Hancock, the second Black mayor in the city’s history, declared, “This is a proud moment for Denver.” With more stories coming to light about how highway projects had fractured communities of color, a national demand has risen to address the consequences. In 2021, President Joe Biden’s Bipartisan Infrastructure Law set aside $1 billion to reconnect divided neighborhoods, and while that money didn’t fund I-70’s facelift in GES, which was already underway, politicians would frame the project as emblematic of the national moment. Hancock boasted that it sought input from residents and created local construction jobs. “This,” he said, “is the result of community engagement and community visioning.”
“This is a proud moment for Denver.”
Following his remarks, teachers from the adjacent Swansea Elementary School led their students into the park; the kids whirled on the new merry-go-round, shrieking in delight.
Just before the ceremony ended, Alfonso Espino, a 27-year-old GES resident, dropped by. Espino, who has a round, boyish face behind a mustache and goatee, had heard about the park for more than a decade and often jogged by when it was under construction. Now, he felt lost. “Looking around and not being able to place myself — it’s kind of weird,” he said. But GES could use more green space, Espino conceded, and it was great to see the kids playing. Previously, only about 55 acres of parkland existed in the nearly five-square-mile neighborhood. The project had also added almost seven miles of new sidewalks to a neighborhood that needed more of them.

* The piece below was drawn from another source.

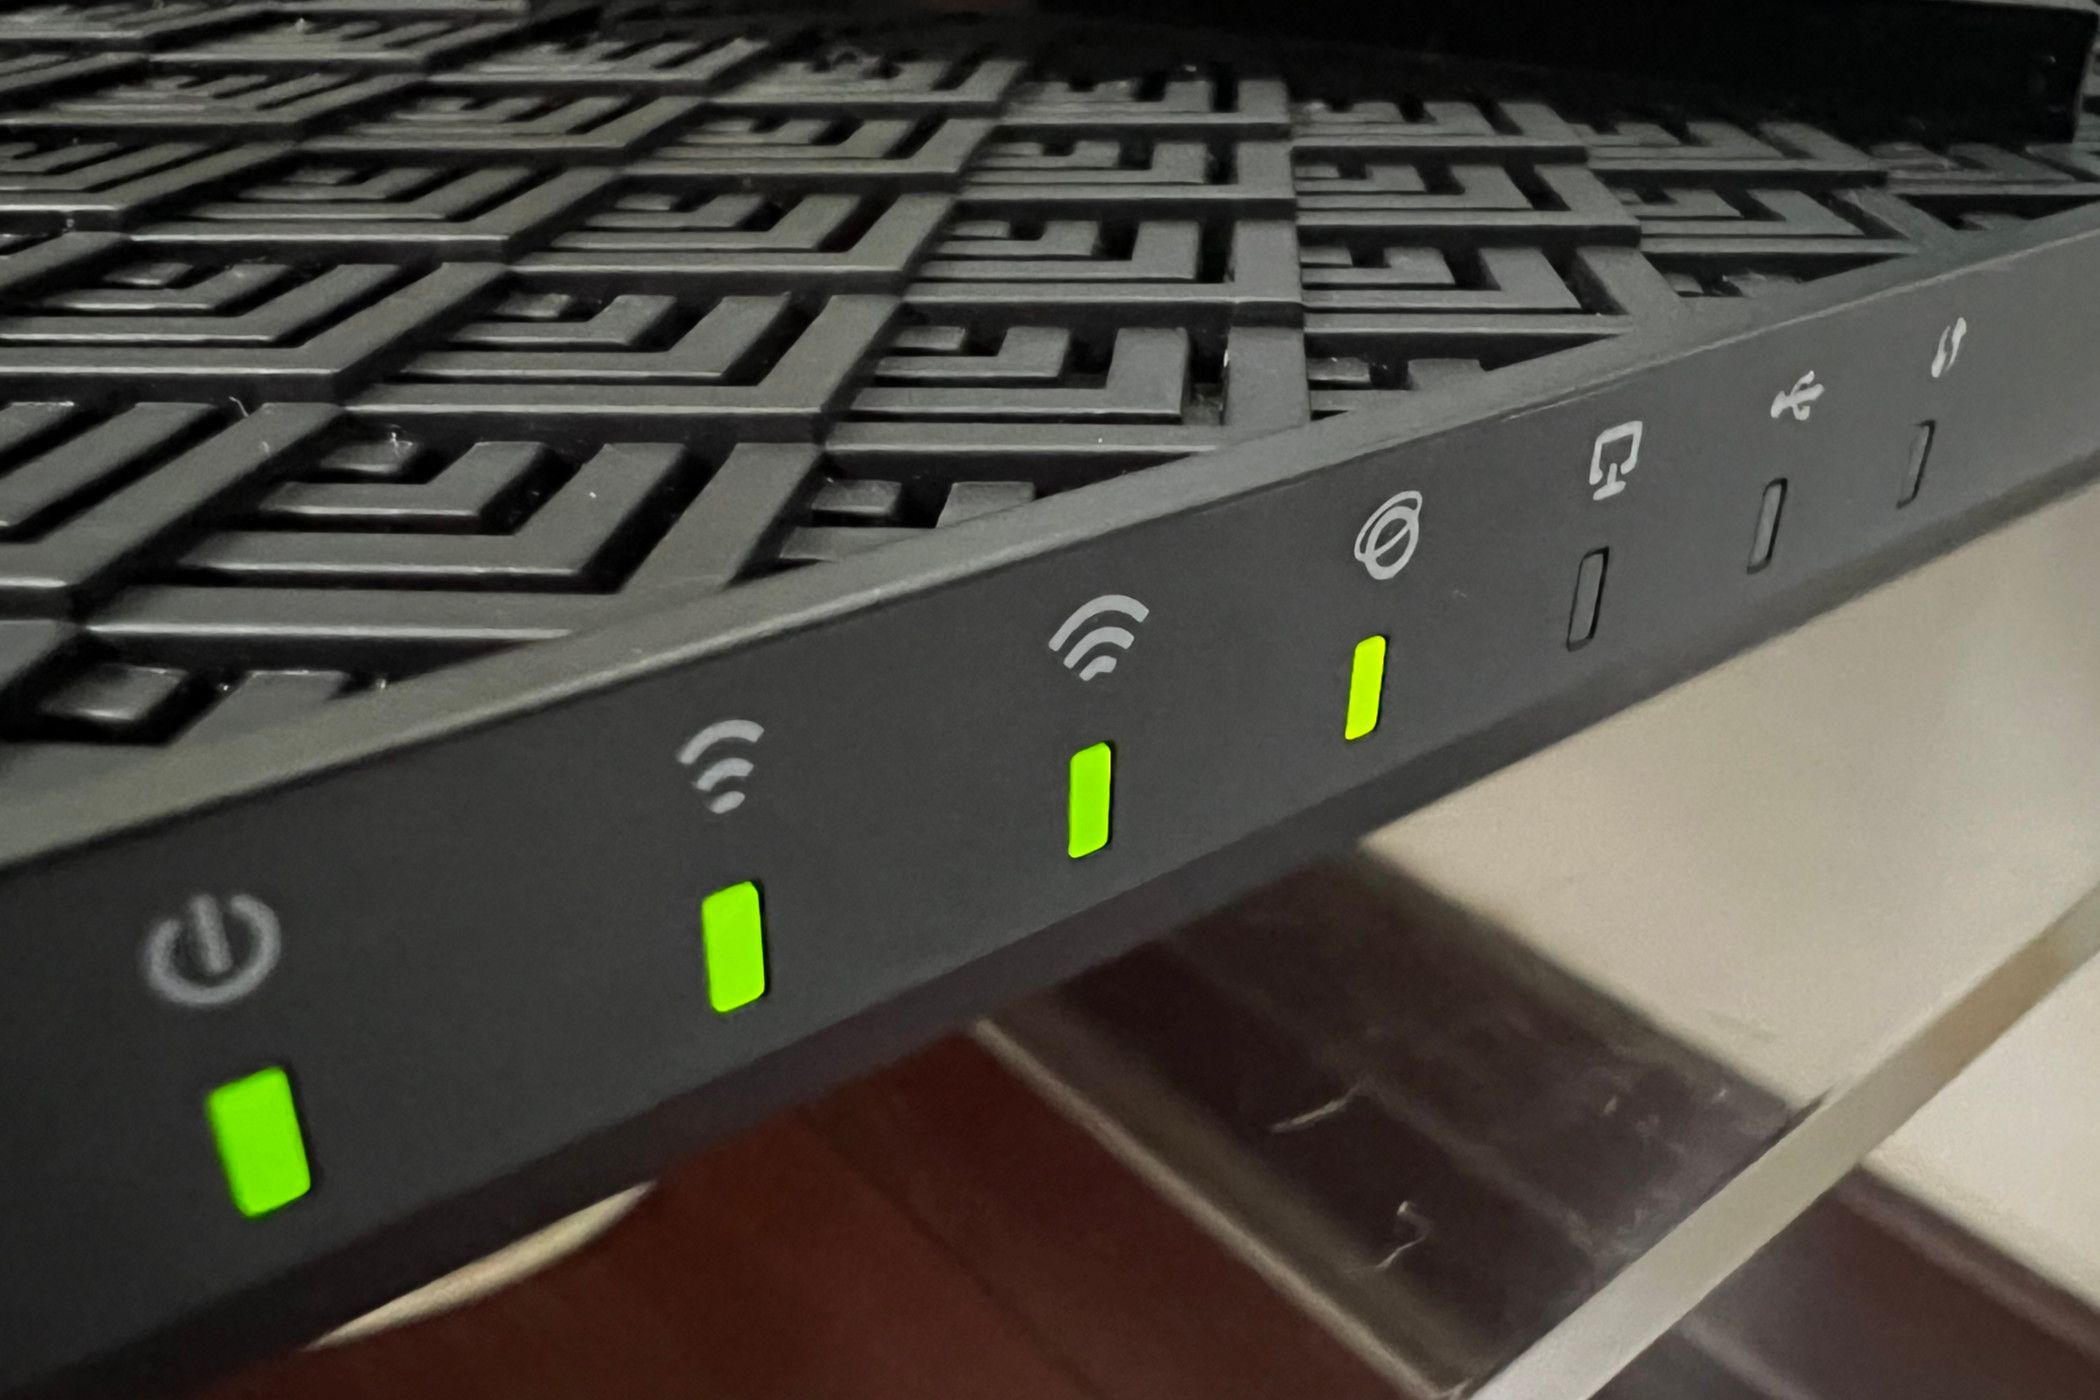 TP Link AX72 router with four green lights.

But Espino, who works as a community organizer, feared the new amenities would come at a cost. Realtors were already calling GES “Denver’s next hottest neighborhood” — a chilling pronouncement for locals to hear. Espino, who was raised here as one of eight children, hoped to one day buy a house of his own, but outside buyers meant higher prices. Like many locals, he wondered: Would the revitalization project really help remedy generations of marginalization? Or would it precipitate a forced exit for longtime residents?

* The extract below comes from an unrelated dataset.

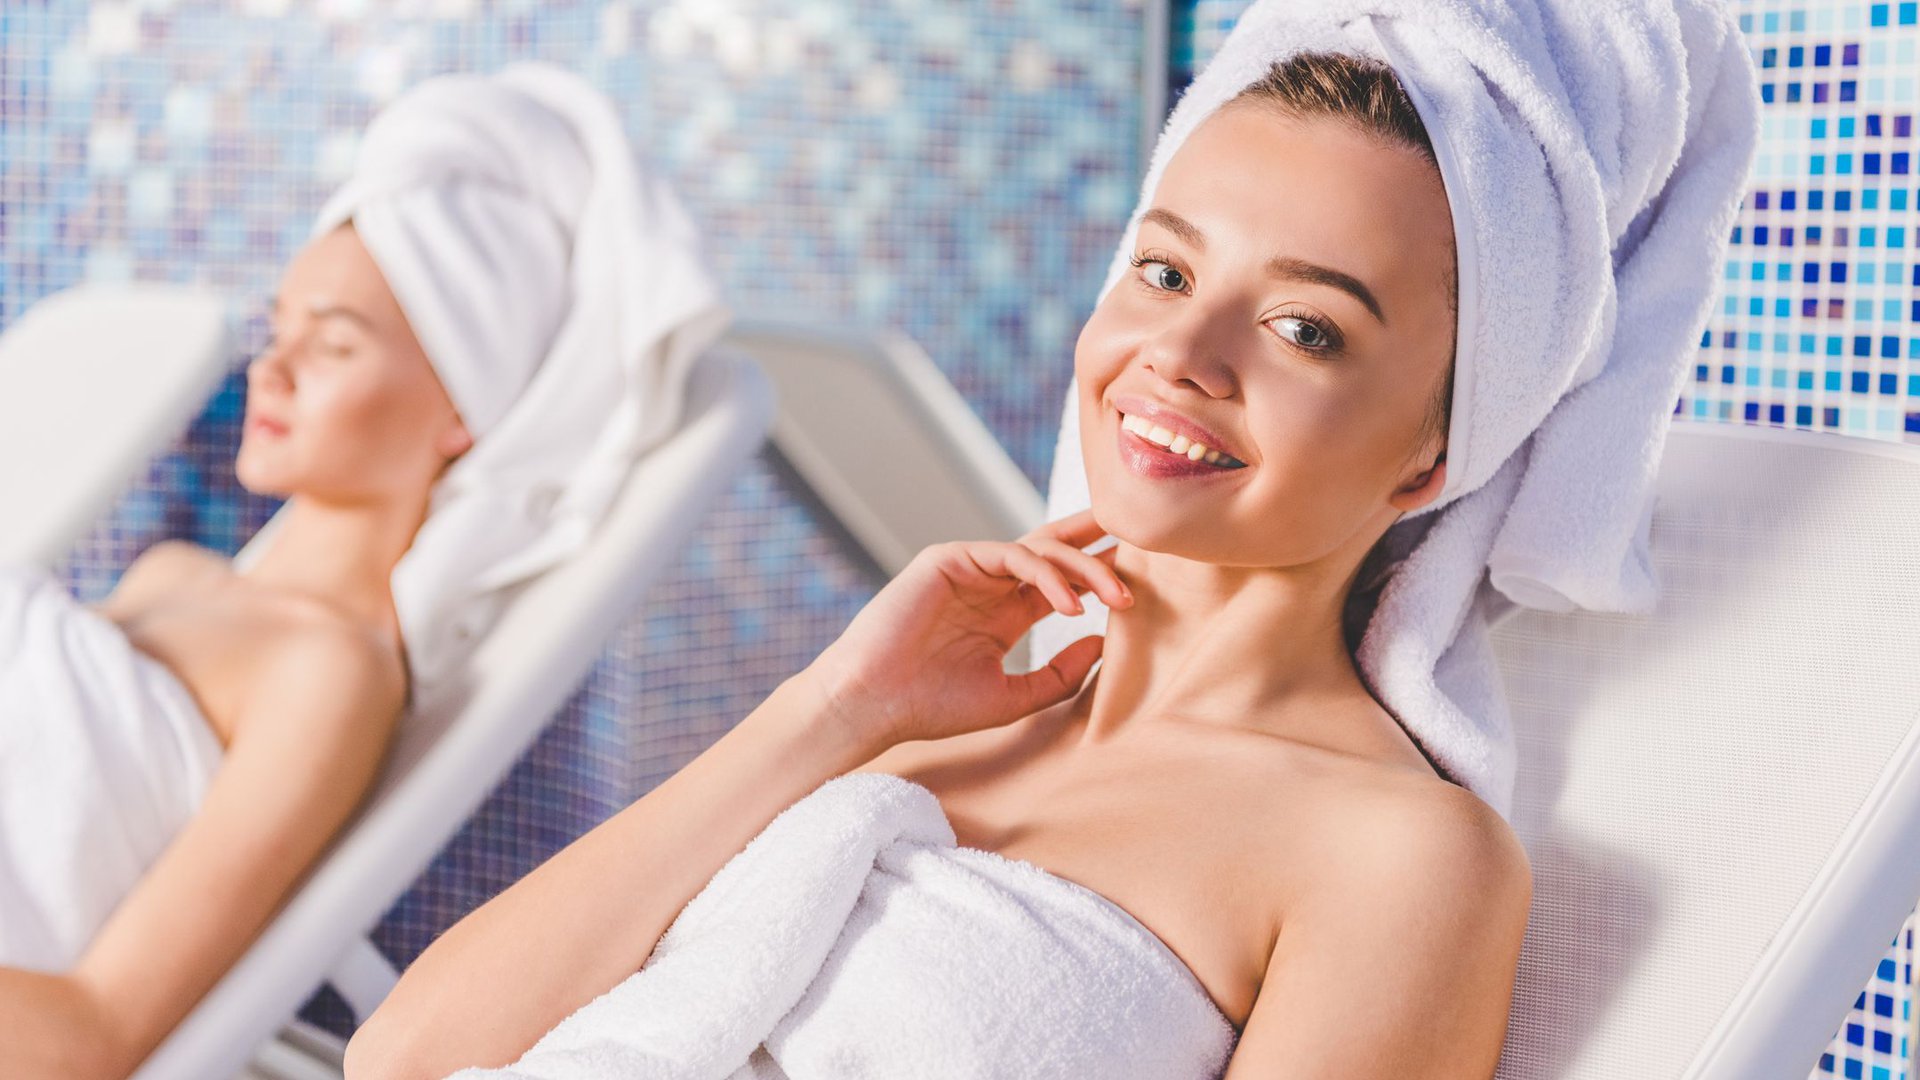 Renaissance yourself: TOP SPA centers in Tbilisi for true relaxation

Across the street from the ribbon-cutting, the lunch line formed at Casa de Sanchez, a beloved neighborhood restaurant. But 47-year-old Yadira Sanchez, who’d helped her father open the place 25 years earlier, wasn’t there. “I did not make it today, nor do I care of the park,” she messaged me. “It did not connect anything.” Sanchez, who often wears her bangs swept to the side and has a high-pitched, musical voice, had spent much of her life in GES, raising her three children here. She rented her home but, like Espino, hoped to one day buy a place. A pillar of the community who was passionate about trees, she worked as a planter. Inside Casa de Sanchez, near a portrait of legendary revolutionary Emiliano Zapata, who inspired the slogan “Tierra y Libertad” (“Land and Freedom”), she’d hung a poster offering free trees to residents. She worried that the new park’s stewards had planted too many vulnerable saplings just before the first freeze and “did not even take the wire off the roots.”
The park’s unveiling was supposed to symbolize the end of a difficult chapter and the beginning of a better one.
But the people in power were focused on the bigger picture. Before Hancock spoke, Stephanie Pollack, the Federal Highway Administration’s acting administrator, lauded the project as a model for the country, and Shoshana Lew, the executive director of the Colorado Department of Transportation (CDOT), said, “We’re proud to be here delivering the state’s largest infrastructure project on time and on budget while celebrating the space that will bring people together.”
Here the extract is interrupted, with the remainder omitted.